Daarnaast hadden de verdachte en zijn medeverdachten het oogmerk deze uit Oekraïne afkomstige mannen voor het door hen te verrichten werk te weinig of helemaal niet te betalen, waarvoor een aantal keren een smoes werd bedacht, kennelijk ook om de betrokkenen aan het lijntje te houden. Dit was een van de inkomstenbronnen voor de verdachte. De verdachte en de medeverdachten hebben bovendien vrij snel na aankomst van de Oekraïners in Nederland ervoor gezorgd dat de betrokkenen een schuld aan hen hadden, die wellicht voor inwoners van landen met de euro als wettig betaalmiddel niet gigantisch is, maar voor Oekraïners wel degelijk een hoge schuldenlast vormde, gerelateerd aan een jaarinkomen in hun vaderland. Deze “schulden” vormden een andere bron van inkomsten voor de verdachte.
De betrokkenen hadden in Nederland geen legale verblijfsstatus en dit was –uiteraard- aan de verdachte en de medeverdachten bekend. Indien de betrokkenen al werden betaald was dit
zwarten nergens blijkt uit dat zij waren verzekerd tegen bedrijfsongevallen of ziekte. Omdat deze personen hier niet konden werken onder opgave van hun werkelijke identiteit en nationaliteit, heeft de verdachte en/of medeverdachte hun (kopieën van) identiteitsdocumenten verstrekt van Poolse mannen, waarvan de aangevers de gegevens dienden door te geven aan de werkgever.
De Oekraïners spraken de Nederlandse taal niet, kenden de weg niet in Nederland en waren ook door de aangegane schulden die moesten worden voldaan afhankelijk van de verdachte en zijn medeverdachten.
In een aantal gevallen heeft de verdachte of een medeverdachte dreigementen jegens een aangever uitgesproken om te voorkomen dat die persoon van het door hen gebaande pad zou afwijken.
Het hof is van oordeel dat uit de genoemde omstandigheden in onderling verband en samenhang bezien valt af te leiden dat [slachtoffer 1], [slachtoffer 3] en [slachtoffer 4] in een rechtens relevante mate afhankelijk van de verdachte en zijn medeverdachten waren en dat de verdachte het oogmerk tot uitbuiting had.
Voor zover de raadsman, in aansluiting op hetgeen bij de rechtbank als verweer is gevoerd, heeft willen betogen, dat de verklaringen van aangever [slachtoffer 1] als onbetrouwbaar dienen te worden aangemerkt, dan wel dat sprake zou zijn van slechts één getuigenverklaring als bewijsmiddel, overweegt het hof als volgt.
De verklaringen van [slachtoffer 1] zijn gedetailleerd en voor een groot en belangrijk gedeelte consistent.

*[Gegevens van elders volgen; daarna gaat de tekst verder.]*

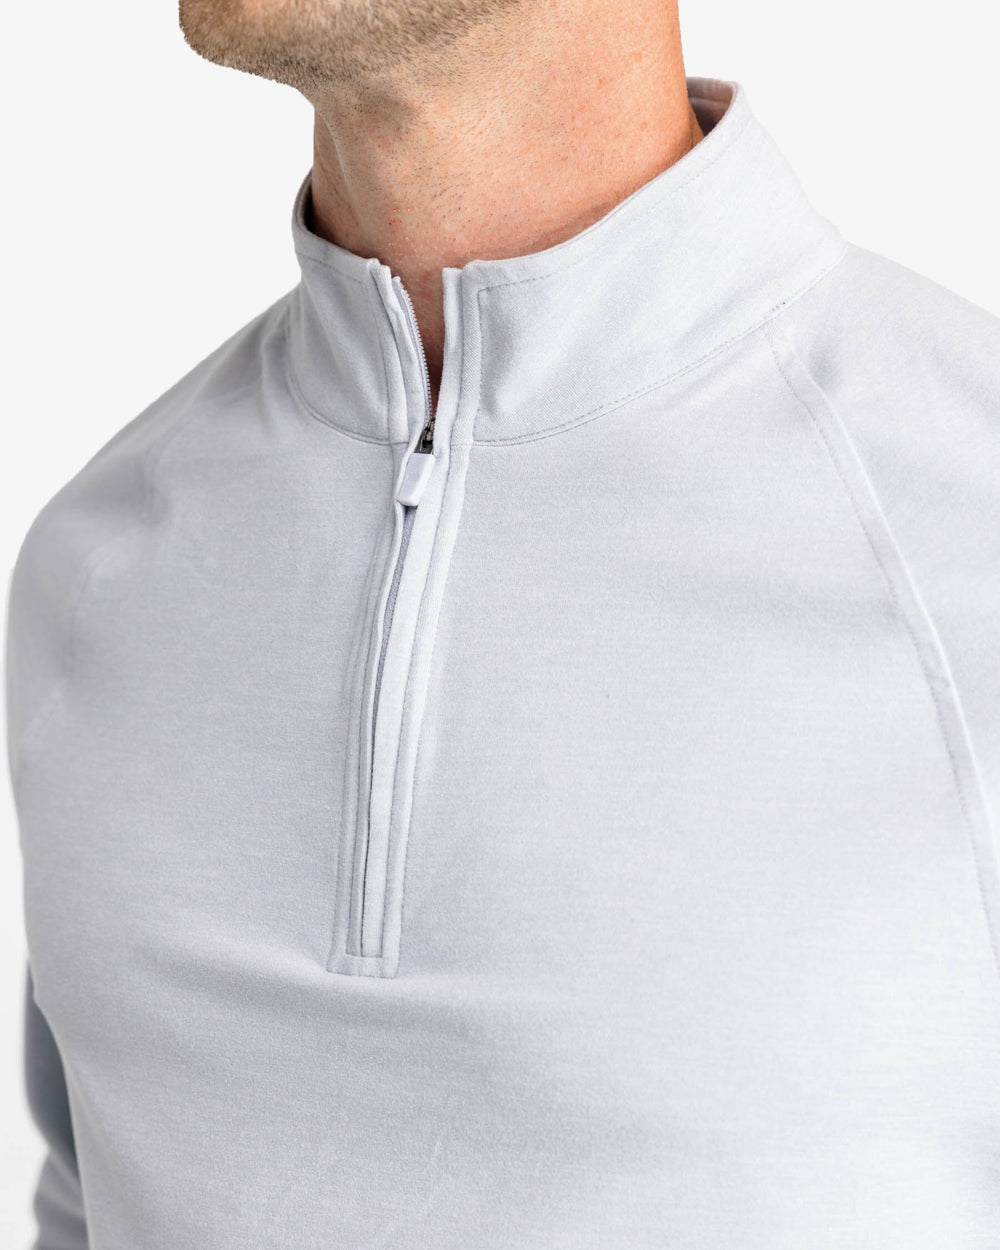 The detail view of the Southern Tide Cruiser Heather Quarter Zip by Southern Tide - Heather Slate Grey

Diens verklaringen worden bovendien op essentiële onderdelen ondersteund door andere verklaringen en bewijsmiddelen in het dossier.
Uit het geheel van bewijsmiddelen -uit verscheidene (soorten) bronnen afkomstig- kan worden afgeleid dat de handelwijze van de verdachte en zijn medeverdachten met betrekking tot de opvang, huisvesting, tewerkstelling van de betreffende Oekraïners in grote lijnen met elkaar overeen komt. Er is derhalve geen sprake van enige schending van het unis testis beginsel.
Ten aanzien van feit 6
De raadsman van de verdachte heeft ter terechtzitting in hoger beroep verzocht de verdachte vrij te spreken van dit feit. Hij heeft daartoe aangevoerd dat, gezien de feitelijke gang van zaken bij het overhandigen van het paspoort door de verdachte, niet geconcludeerd kan worden dat de verdachte het oogmerk had zich met het paspoort van [naam 1] te legitimeren. De raadsman heeft er in dit verband op gewezen dat het 4 uur ’s nachts was op het moment dat de verbalisant aan de verdachte vroeg of hij zichzelf kon legitimeren en dat de verdachte slaperig was. Er werd gevraagd naar een identiteitsbewijs en de verdachte heeft vervolgens het paspoort overhandigd wat er nog lag. De raadsman heeft daar nog aan toegevoegd dat de persoon op de foto in het paspoort niet eens op de verdachte lijkt en dat de verbalisant heeft gezegd: “
Maar U bent [verdachte]
,op grond waarvan het dus niet nodig was dat de verdachte zich legitimeerde.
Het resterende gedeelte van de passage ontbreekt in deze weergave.